# when did your tegu fade to white and black?



## breezewon (Jun 17, 2011)

Mine is still very much yellow and is about 30 inches long

I will find some more pictures to show you since this one isn't great but it is one i had lying around.

She is Argentine (i hope), has the two scales between the eyes and nostrils.


----------



## La-Price (Jun 17, 2011)

looks like an argentine to me, but id wait for a more experinced eye XD
but the coloring should fade to b\w, some actually get orange in places, theres a picture of one like that on here somewhere...


----------



## rrcoolj (Jun 17, 2011)

She does look like an Argentine but the colors throw me off. Could the lighting cause the yellow coloration? I have never seen yellow on a tegu. Orange on the belly maybe. Then every tegu is different so yours might loose that "yellow" coloration as it ages. Could we see some close up photos?


----------



## breezewon (Jun 17, 2011)

she is very orange on her belly and quite yellow/green where i expected her to go white. I will get some other pictures. The light may be making her look more colorful than she really is but it is noticably not white


----------



## Rhetoric (Jun 17, 2011)

It could be the light contributing to the colors. Guru looks different under an MVB compared to a UVB. I would say shes an argentine, shes got that stripe going down her side. None of my tegus were really yellow like that though. What kind of substrate are you keeping her on? I saw somewhere (I'll try to find it) that sometimes the substrate can sort of stain their undersides. I'm not sure how true that is since they shed all the time when they're younger. One of my tegus has always had an orange-y belly and he never grew out of it.


----------



## breezewon (Jun 17, 2011)

she's on topsoil now but was on cypress before she moved into the big enclosure. always been pretty orange.
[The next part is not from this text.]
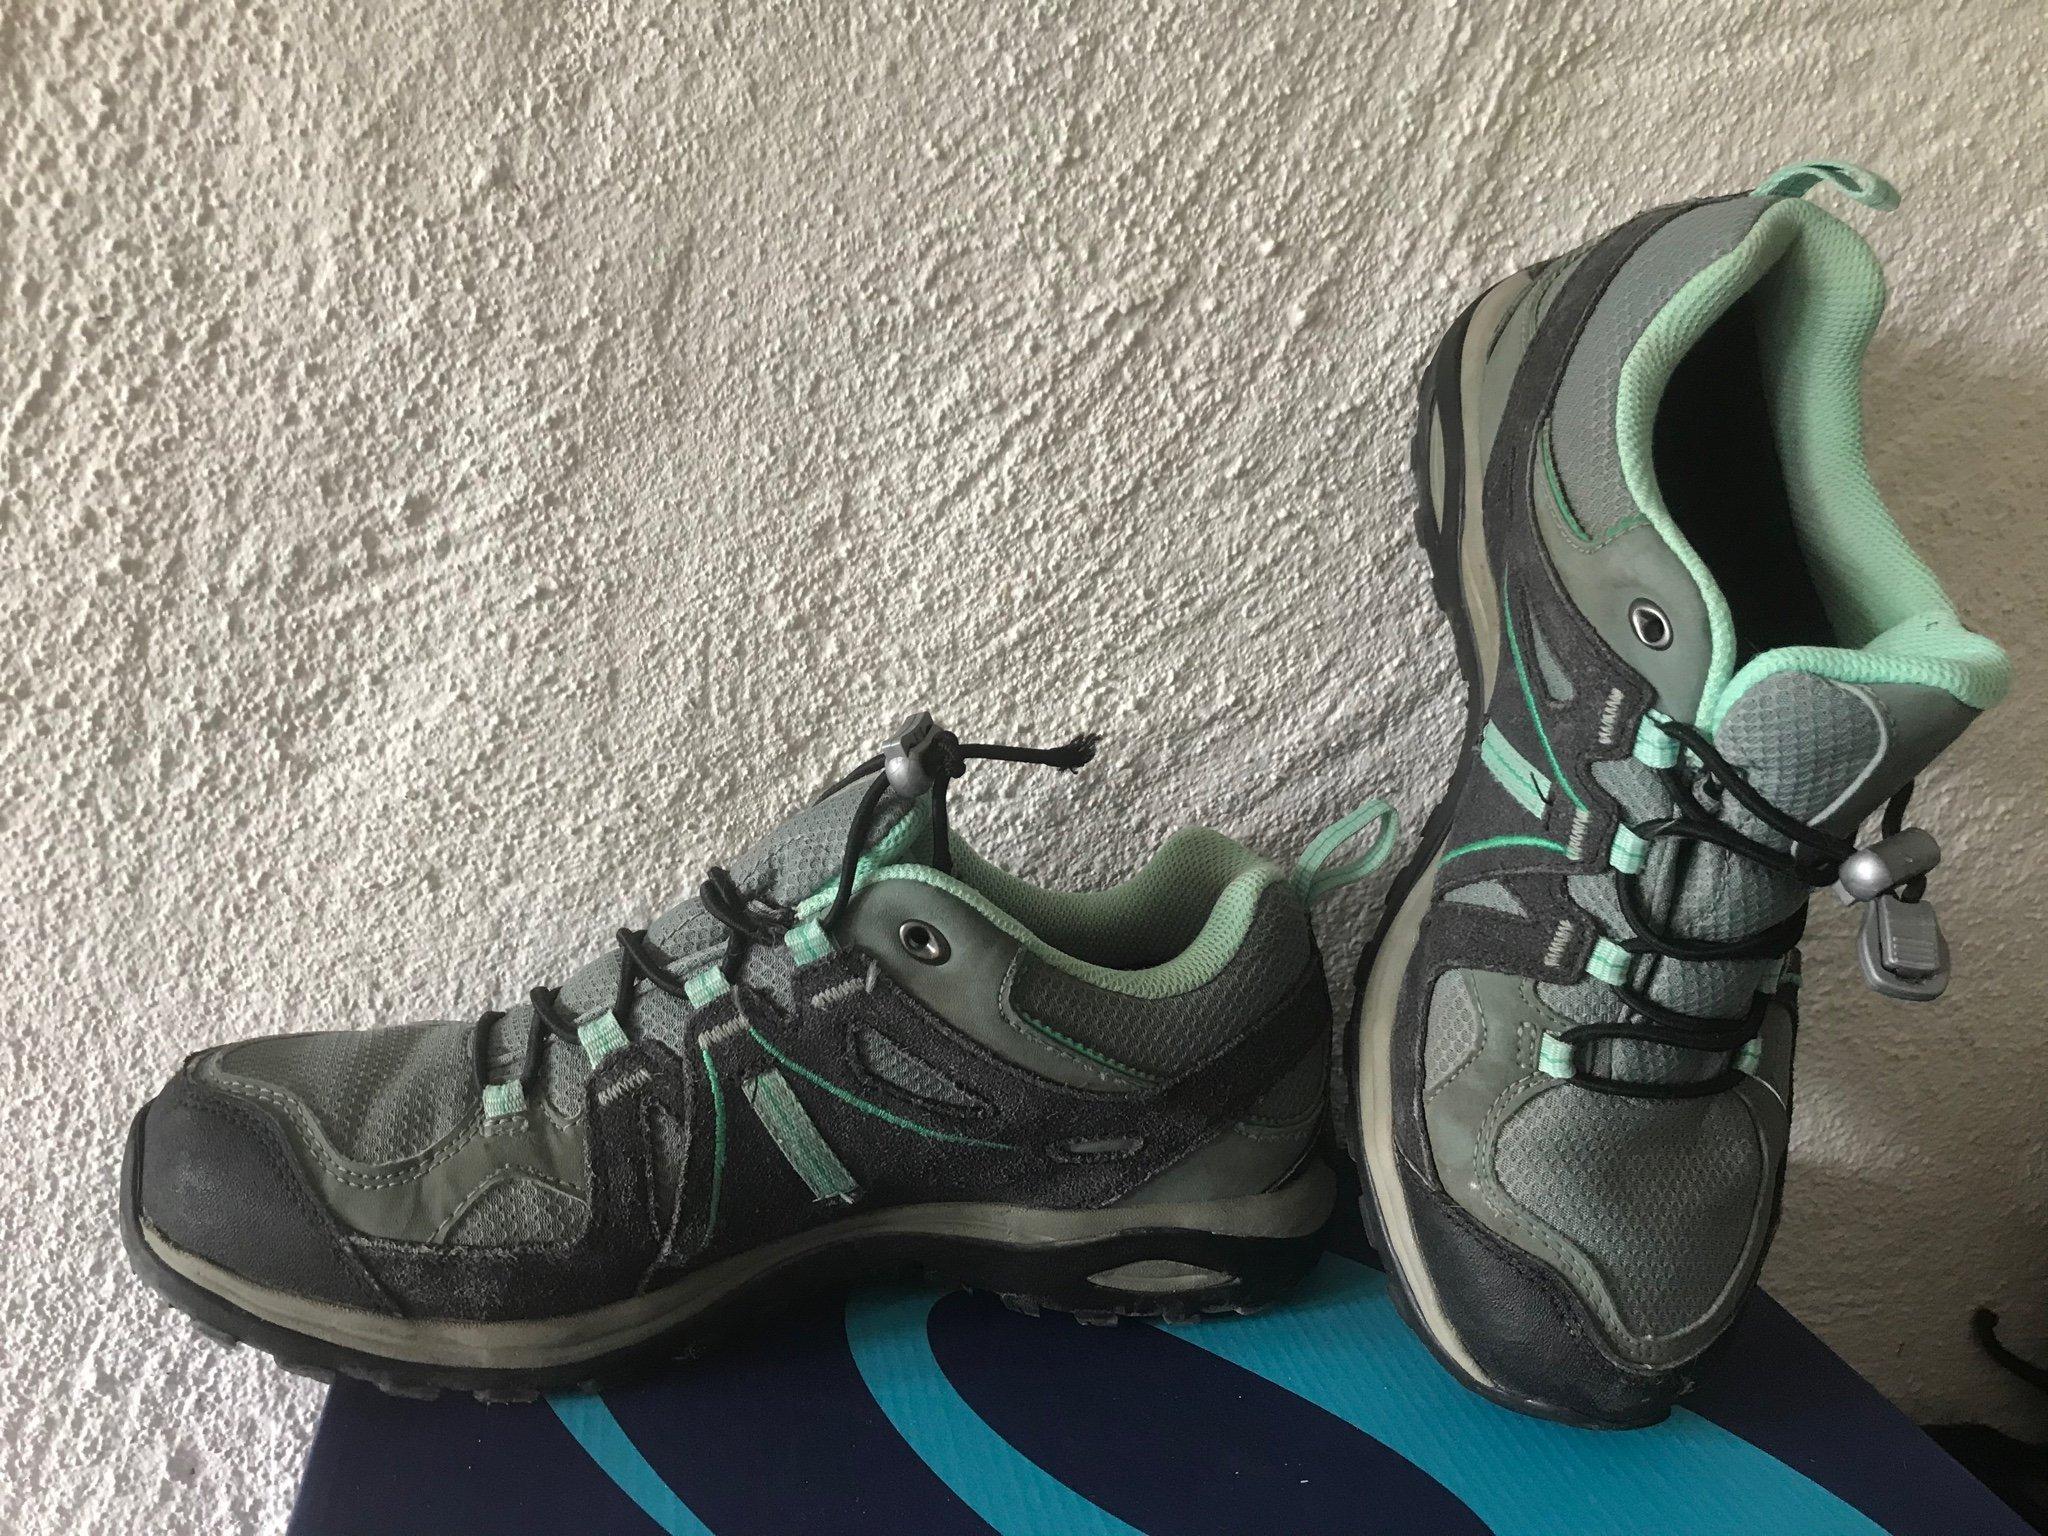 Fina Salomon skor i storlek 39 13

In other news, i'm pumped about the cleveland reptile show sunday!

http://img812.imageshack.us/img812/6100/20110527132835428.jpg

that's another picture of her i stole from my previous thread. Doesn't look quite as yellow but certainly not white


----------



## Rhetoric (Jun 17, 2011)

I think its cool! Maybe she'll keep it


----------



## reptastic (Jun 17, 2011)

That is a normal b/w,All of my b/W's went through a phase were they had yellow tint to them, they went from green heads, to white to yellow, each of them turned bk white at different stages there was no specific tiing, as far as the orange bellies mostly all argentine tegus get those usually they are brighter during hibernation season and will be faint during the rest of the year


----------



## herpgirl2510 (Jun 17, 2011)

She looks very pretty.


----------



## jondancer (Jun 20, 2011)

Looks like an awesome cage.


----------